Exclude the pictures, and otherwise reproduce the data in full.

### [SOURCE MATERIAL]
● ● ● ●

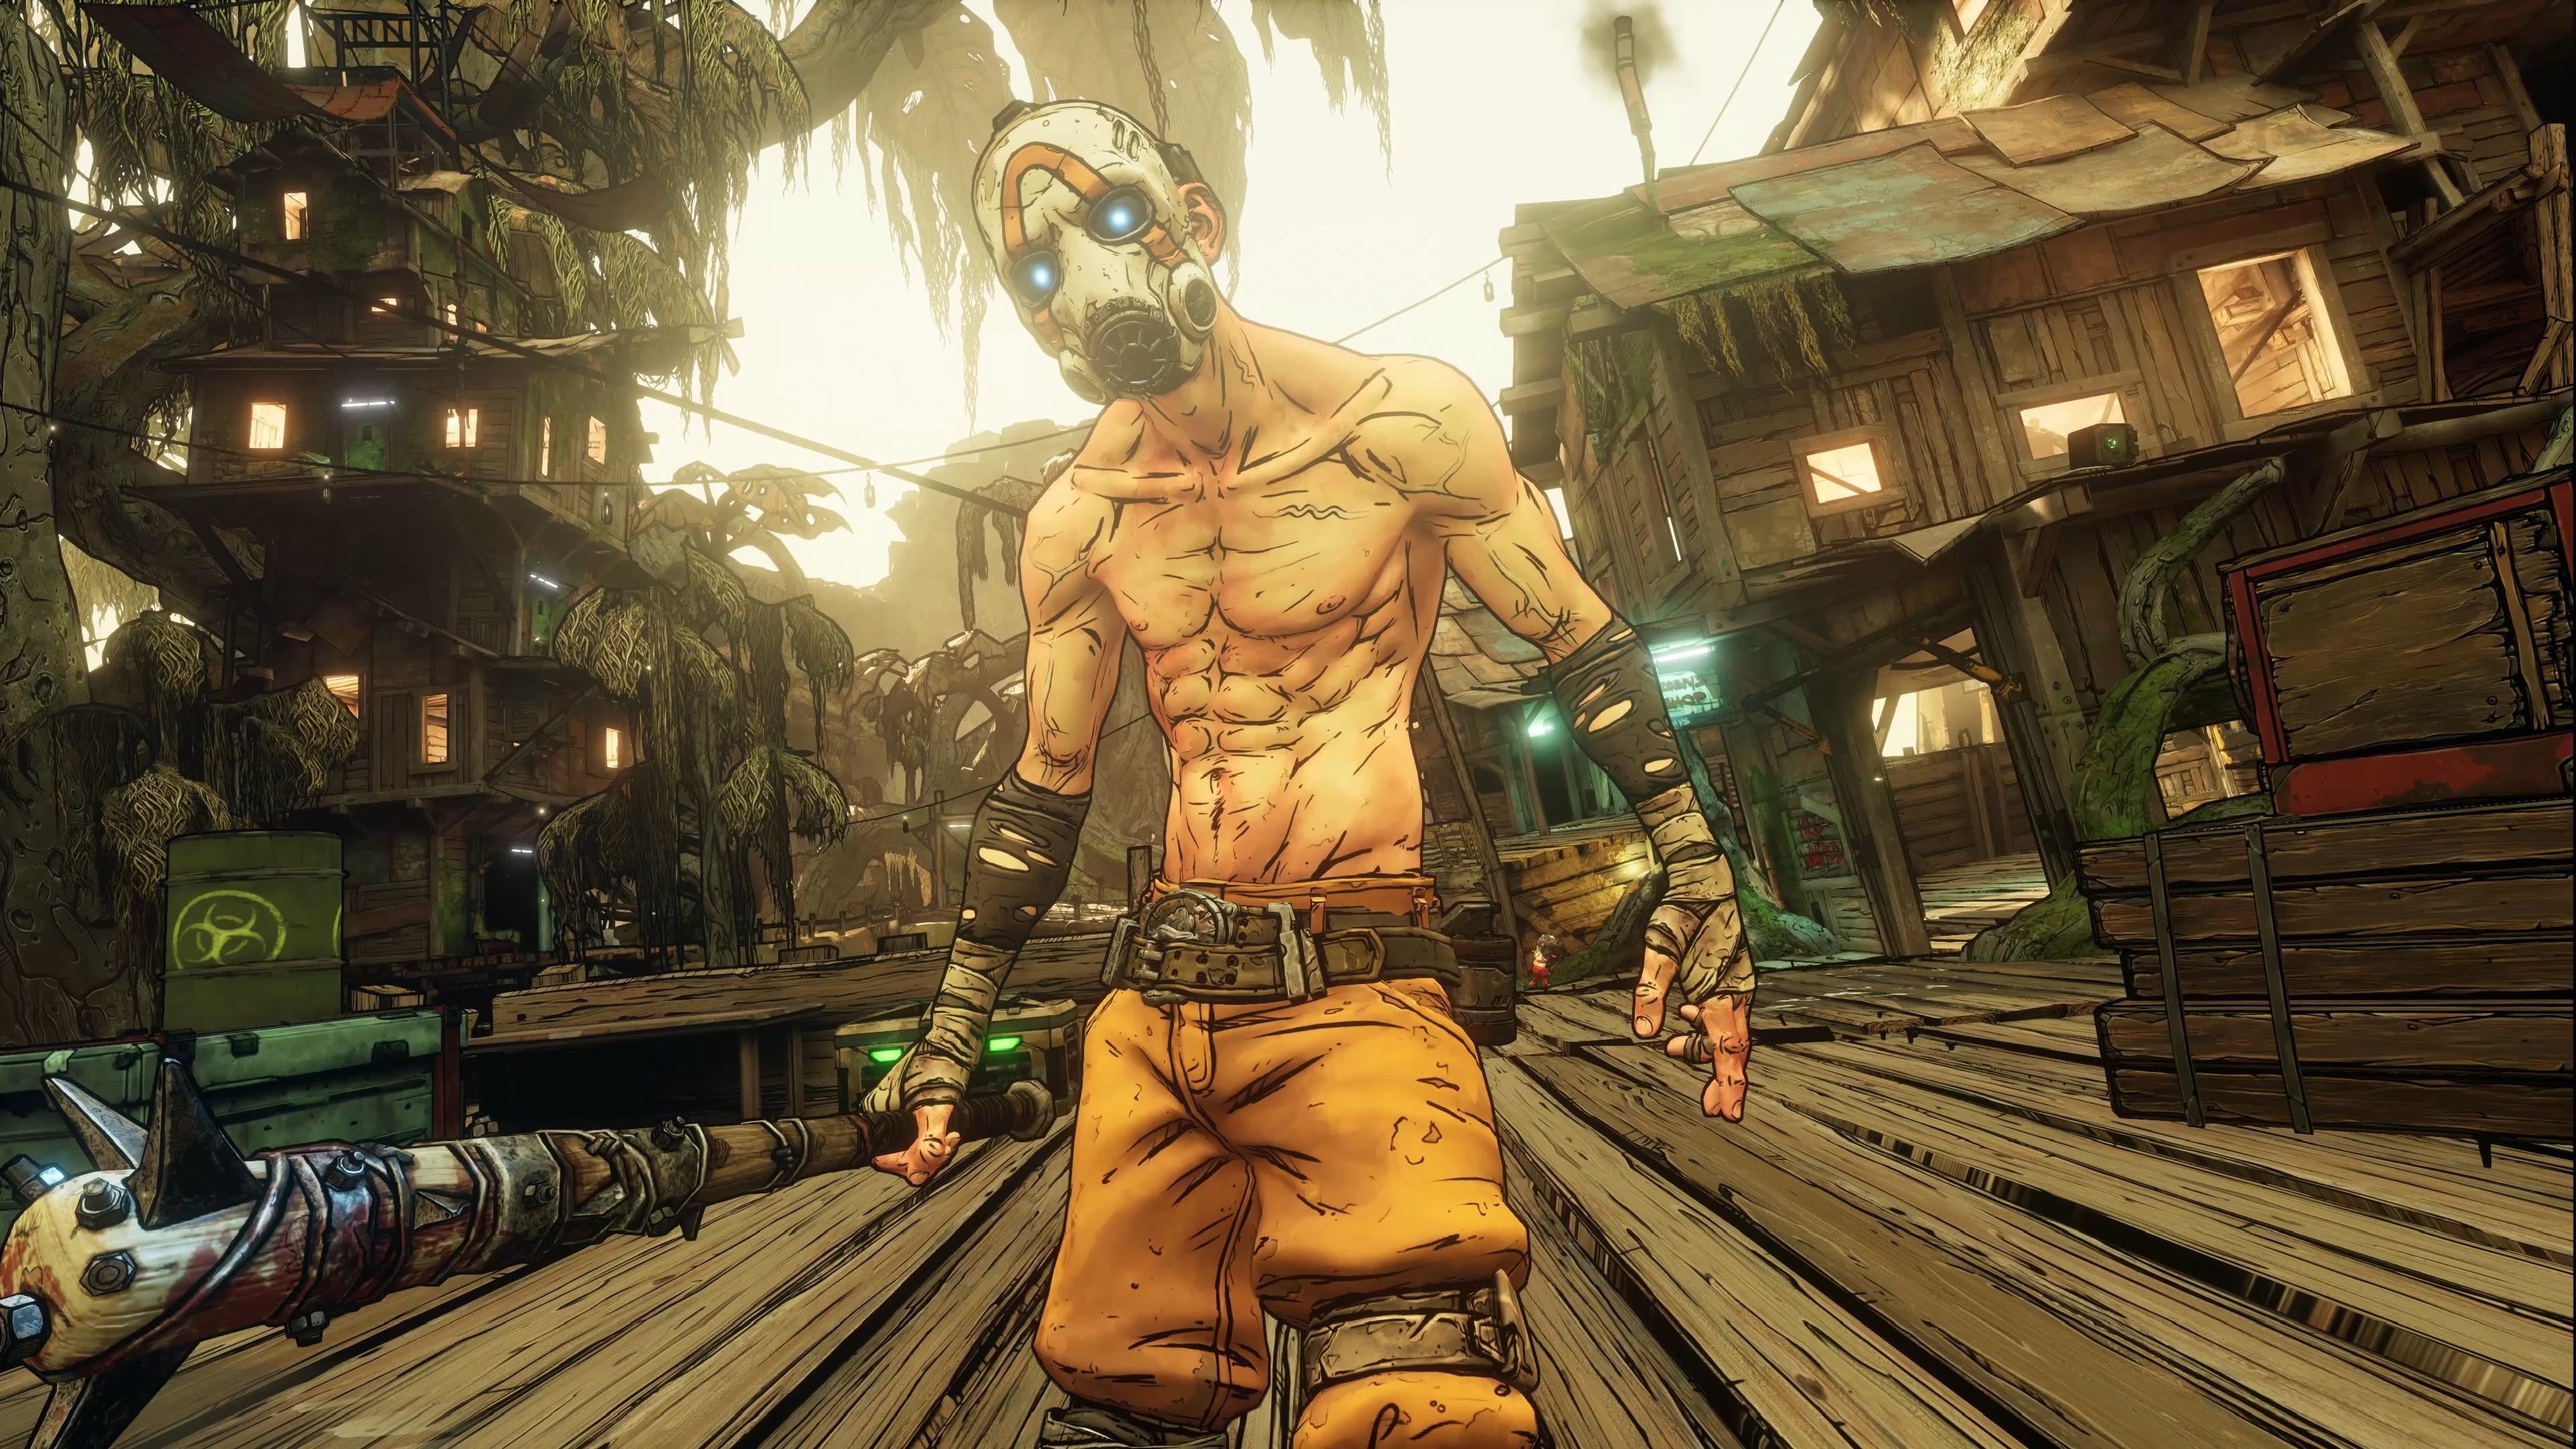 Image for Borderlands 3 goes full Lovecraft in this 12 minute gameplay chunk from Guns, Love, and Tentacles
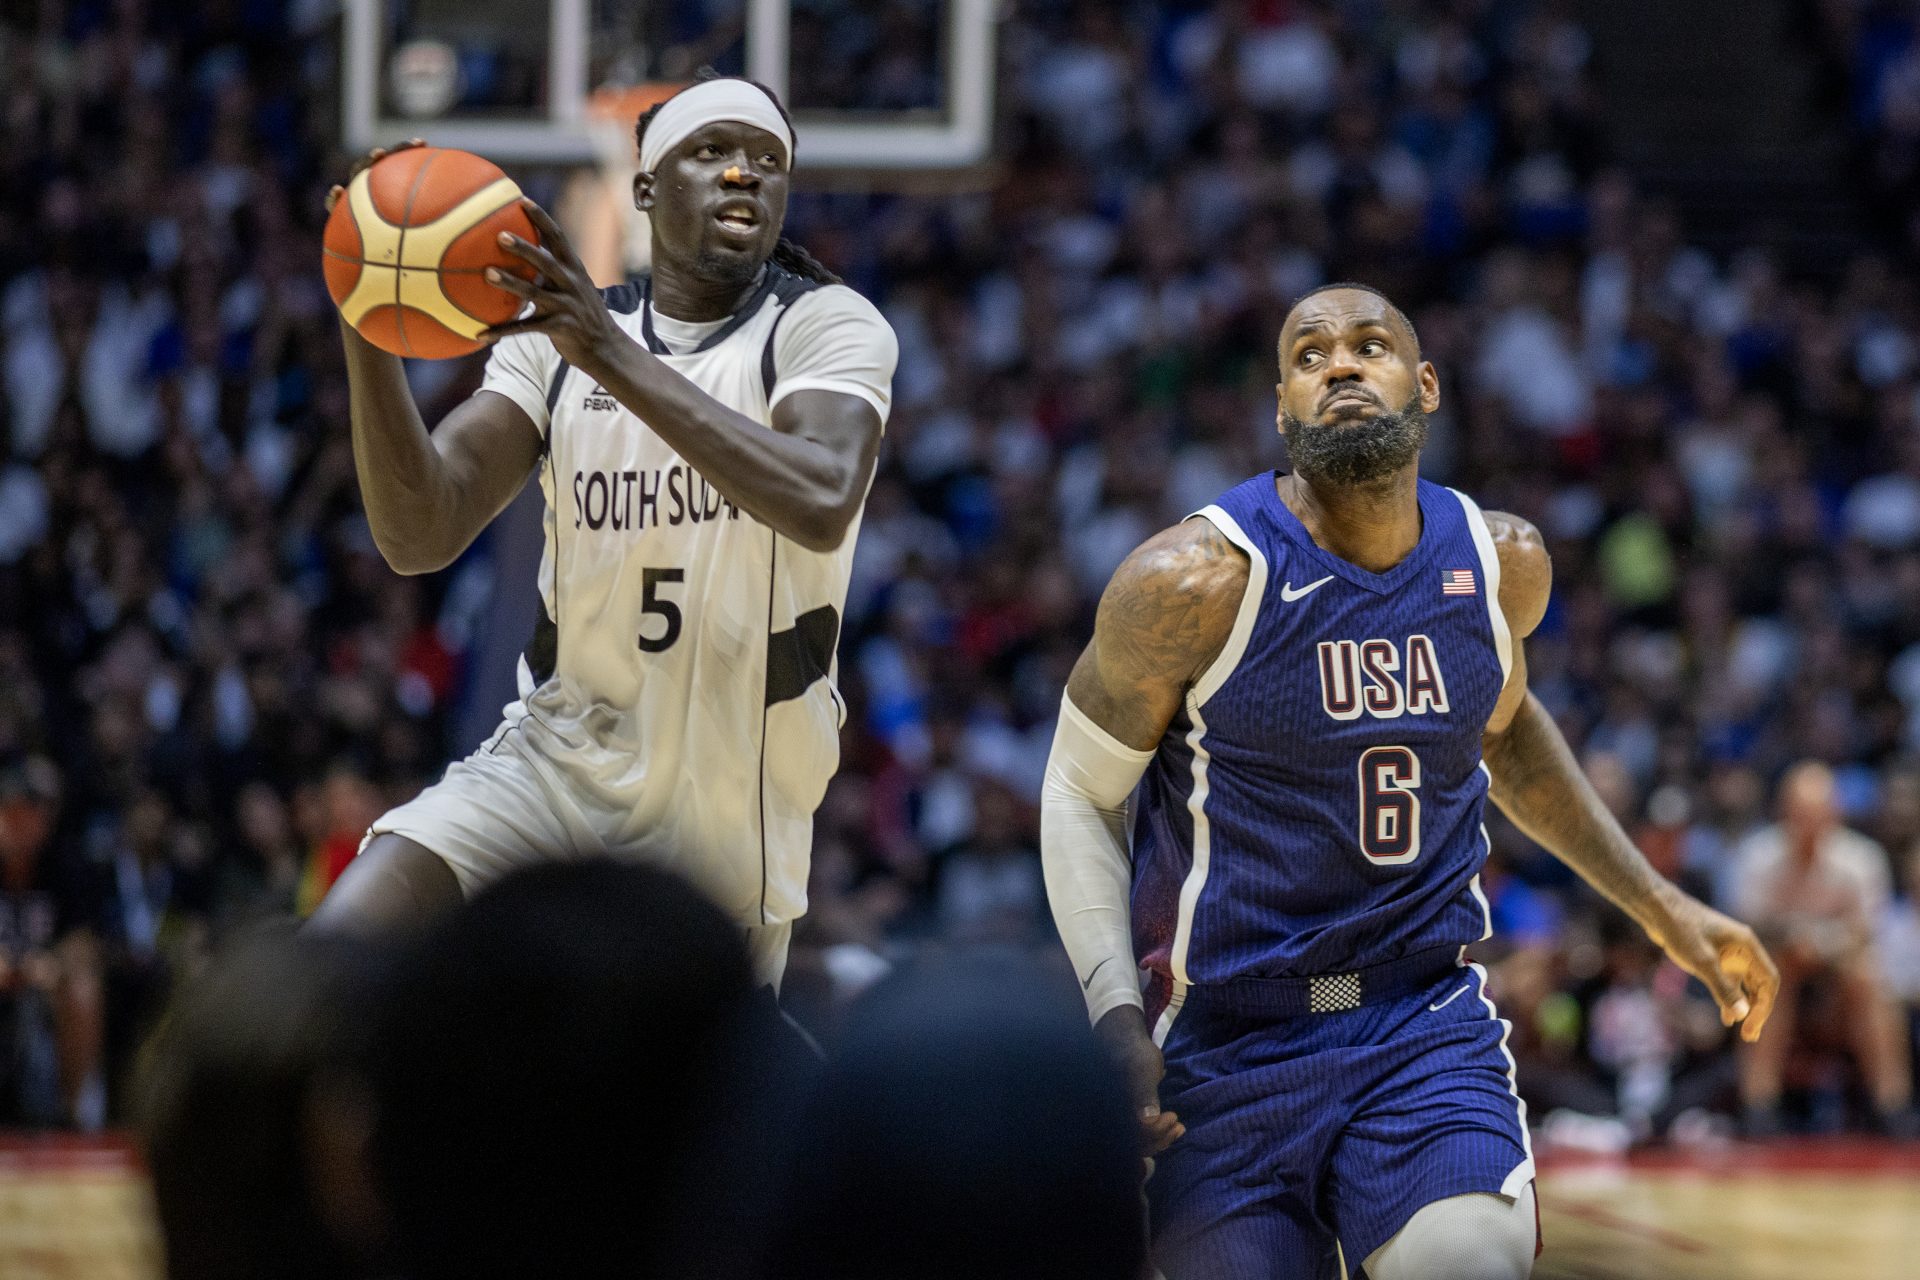 South Sudan continue their inspirational journey against LeBron James and Team USA
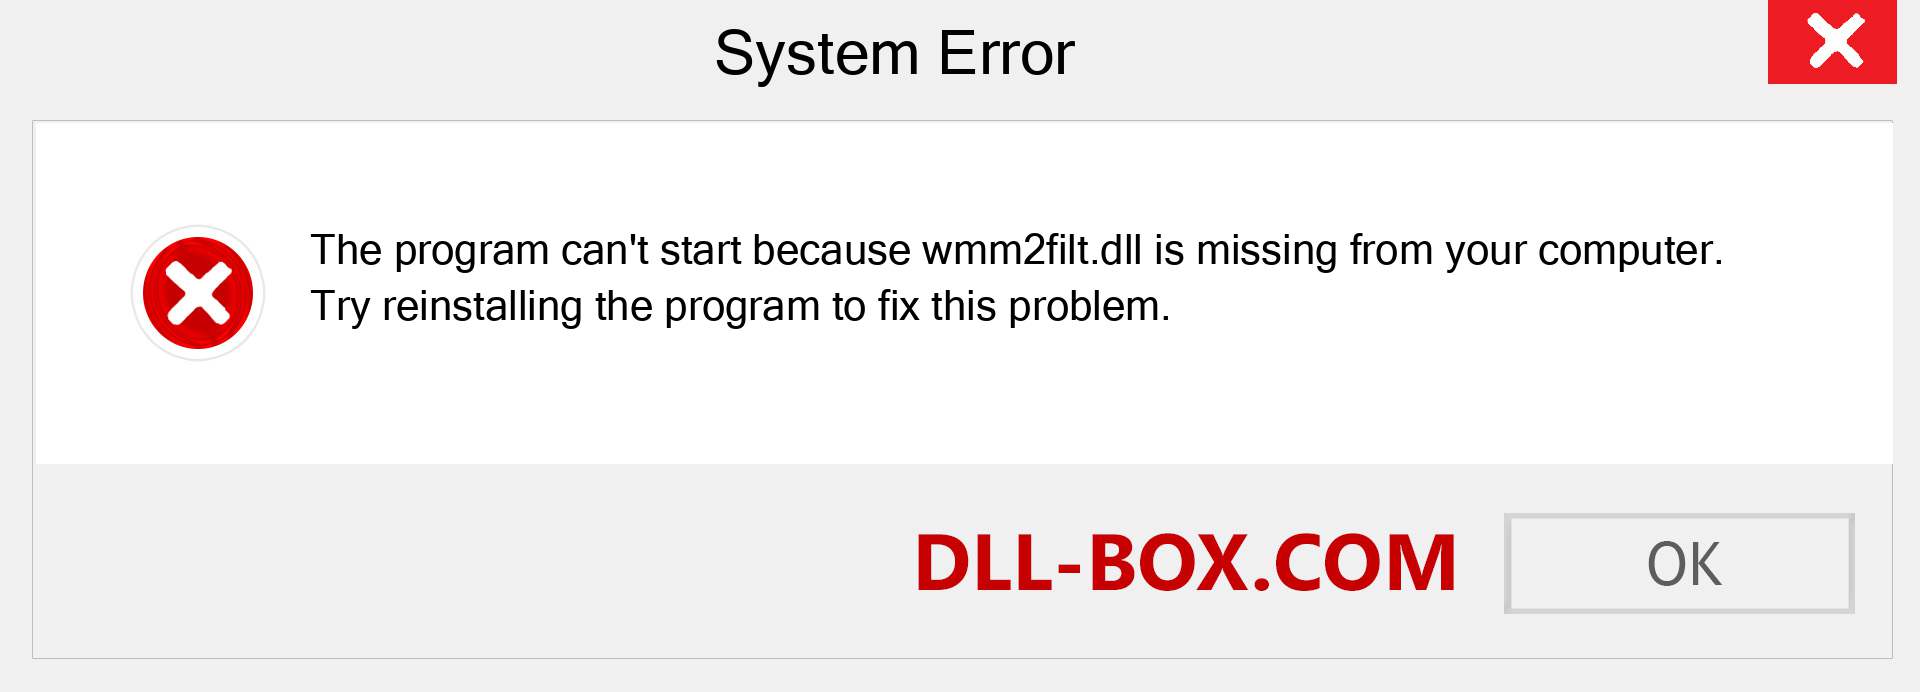  wmm2filt.dll file is missing?. Download for Windows 7, 8, 10 - Fix  wmm2filt dll Missing Error on Windows, photos, images

● ● ● ●

### [WRITTEN SOLUTION]
 Image for Borderlands 3 goes full Lovecraft in this 12 minute gameplay chunk from Guns, Love, and Tentacles
 South Sudan continue their inspirational journey against LeBron James and Team USA
  wmm2filt.dll file is missing?. Download for Windows 7, 8, 10 - Fix  wmm2filt dll Missing Error on Windows, photos, images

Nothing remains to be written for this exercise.